- Task to complete: Print the listing below again, exactly. Skip the pictures.
---------- Dataset section ----------
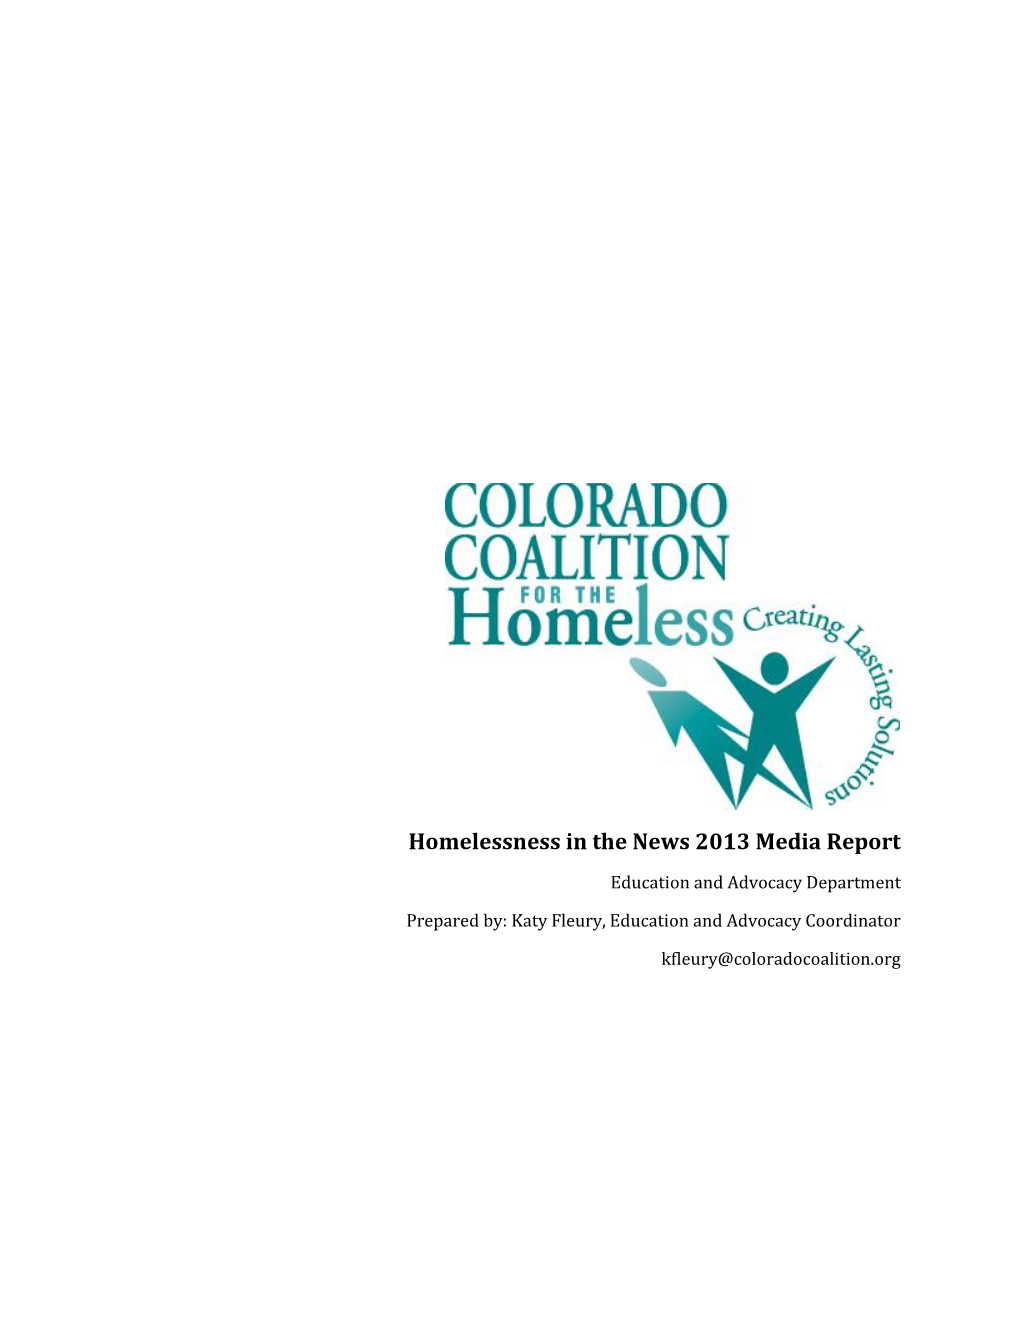 Homelessness in the News 2013 Media Report
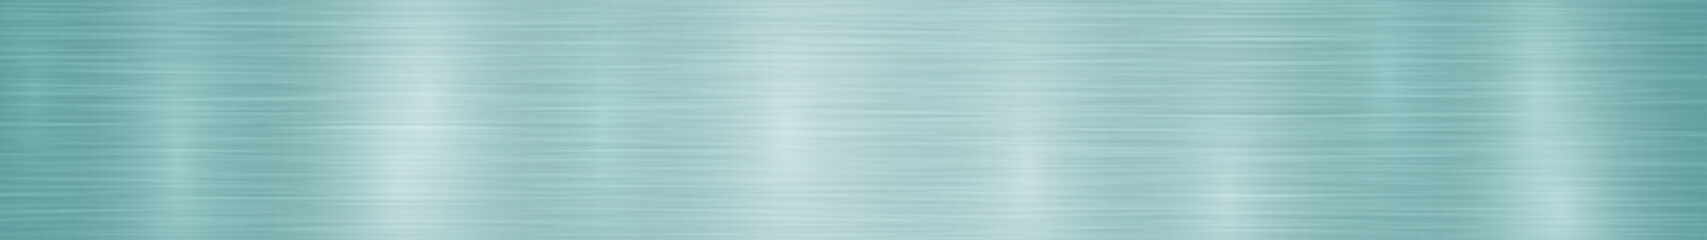 Abstract horizontal metal banner or background with glares in light blue colors
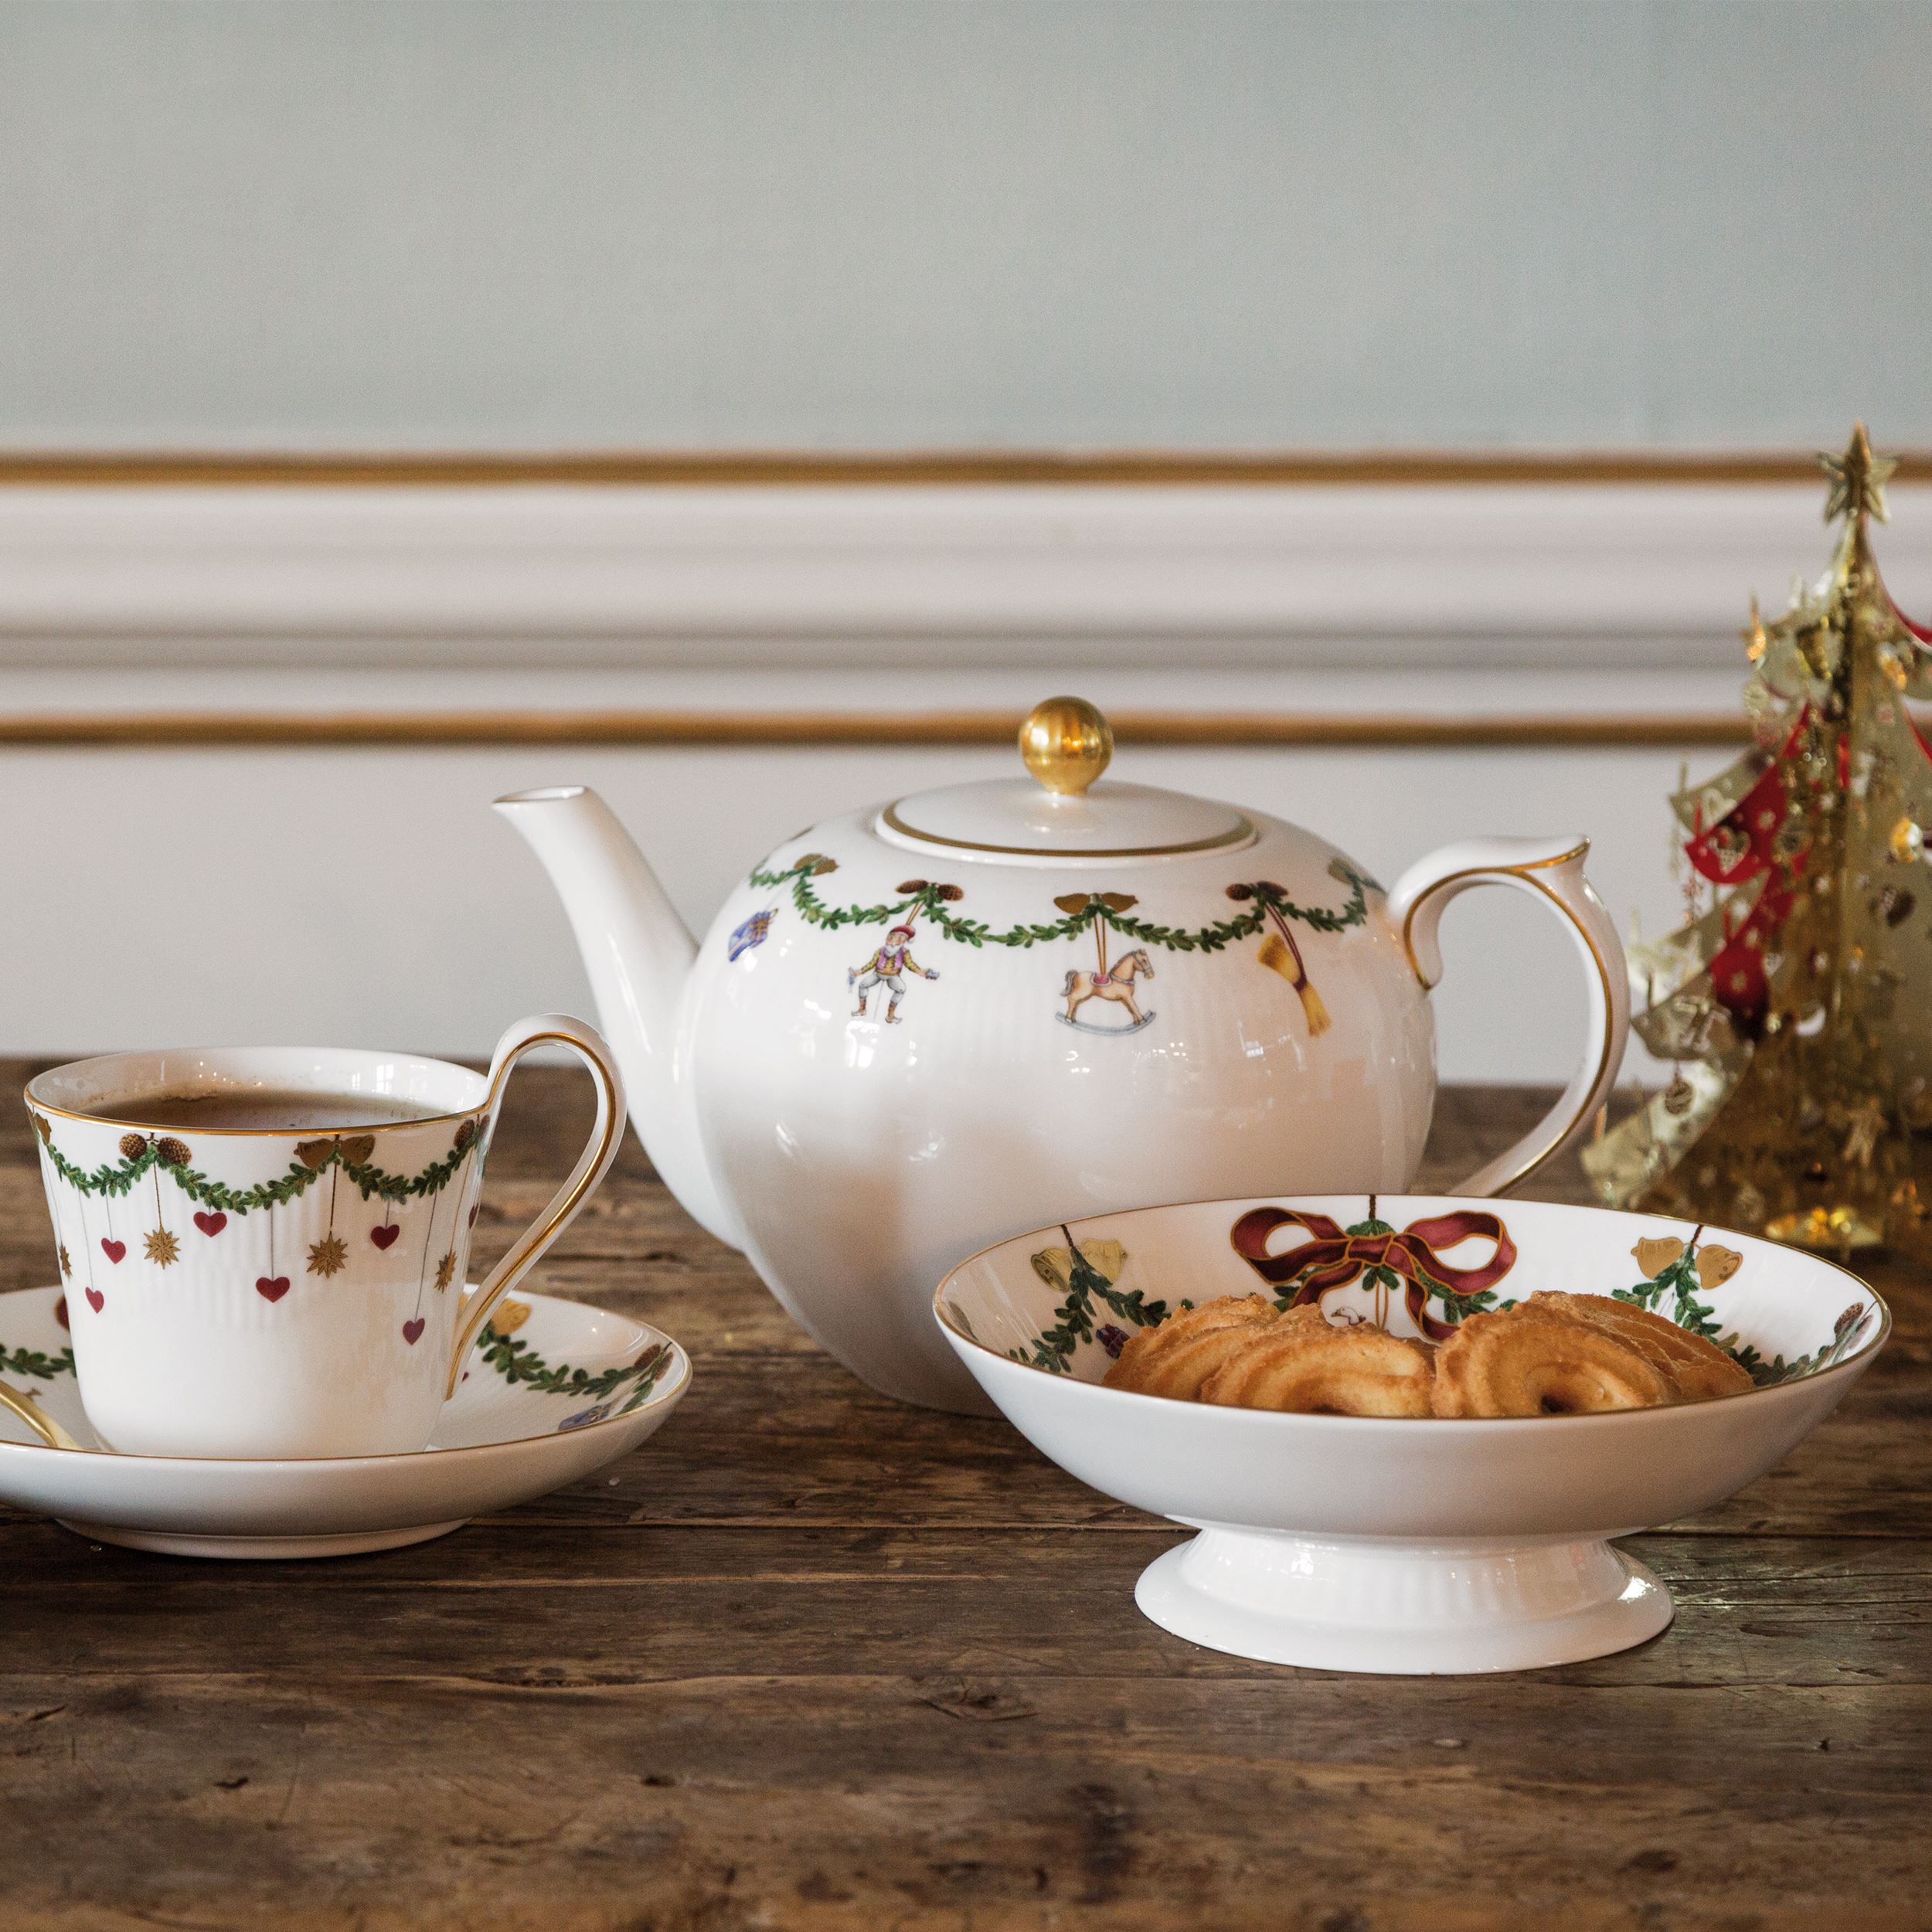 STAR Flutedクリスマス高ハンドルCup and Saucer byロイヤル
----------
- Task solution:
 Homelessness in the News 2013 Media Report
 Abstract horizontal metal banner or background with glares in light blue colors
 STAR Flutedクリスマス高ハンドルCup and Saucer byロイヤル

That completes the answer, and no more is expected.